Cuanto más requiera el doliente de la diligencia del congénere que atiende tras la ventanilla, más tropiezos tendrá el procedimiento solicitado. En mi caso, el funcionario encargado de transcribir lo dispuesto por el médico, omitió  las palabras: “bajo sedación”. Tres semanas después, con puntualidad de tullido, acudí al consultorio para someterme a la  resonancia magnética ordenada. Lo primero que notó la operadora fue la omisión aludida.

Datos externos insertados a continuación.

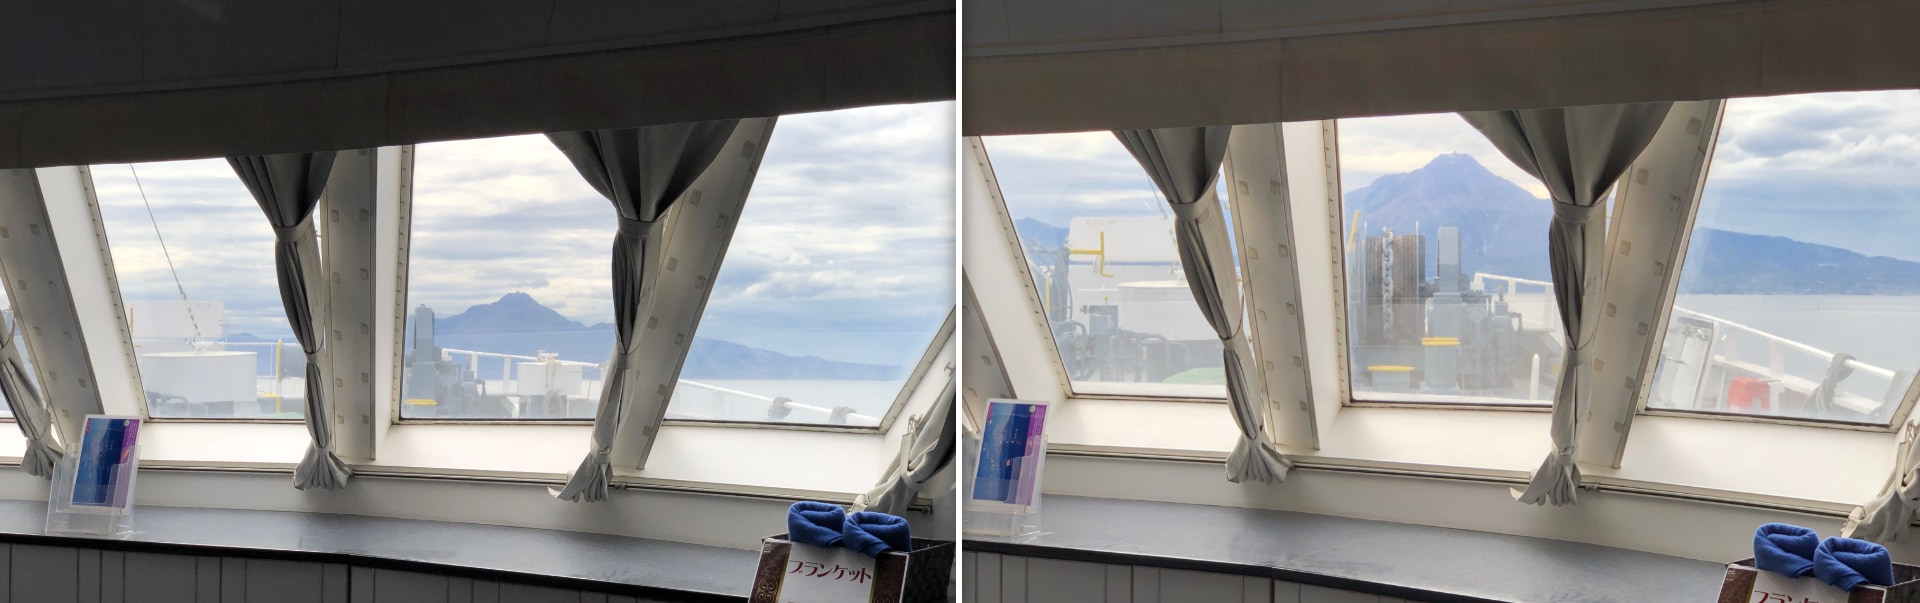 Two photos side-by-side showing Unzen through the window of the ferry getting bigger as we approach

Pero, ante mi desazón dijo que podría realizarse el procedimiento  mientras que no moviera ni una pestaña durante su transcurso.  Creo  útil compartir esta demoníaca experiencia, sin sedación, a palo seco como decimos: me introdujeron en un   aparato con aspecto de cápsula espacial. Me encasquetaron sendos atenuadores de ruido. Y la cápsula se transformó en una atronadora mezcladora de concreto, que cambiaba de ciclos, vibraciones, ruidos, posiciones, dentro de la cual sobreviví veinte inútiles minutos, al cabo de los cuales la operaria decidió parar.  

Cuando el desespero me tenía a tiro de as, para conseguir plata prestada para lo del examen, la EPS  dispuso realizarlo bajo sedación. ¡Bendito sea el día en que inventaron la anestesia! Hace cerca de quince días que por fin sé qué tengo y a cuánta distancia de mi conflicto está acampada la esperanza. Según dicen la máquina y el médico, tengo una estenosis sacrolumbar, susceptible de curar, incluso sin la intervención de arriba. Y aunque sigo de dolor  en dolor, el puñado diario de analgésicos hace bien su papel. Digitar esta crónica ha sido una terapia mayor y poder publicarla, la mejor catarsis. Si no puedo volver a tocar, la música ganará aunque la Literatura siga aguantándome. Y de dolor en dolor, espera  y siesta,  dedico largas pausas al subrepticio ejercicio del deporte nacional del Rasquinbol. Le he prometido al doctor Heiler Torres, escribir una condimentada oda al respecto.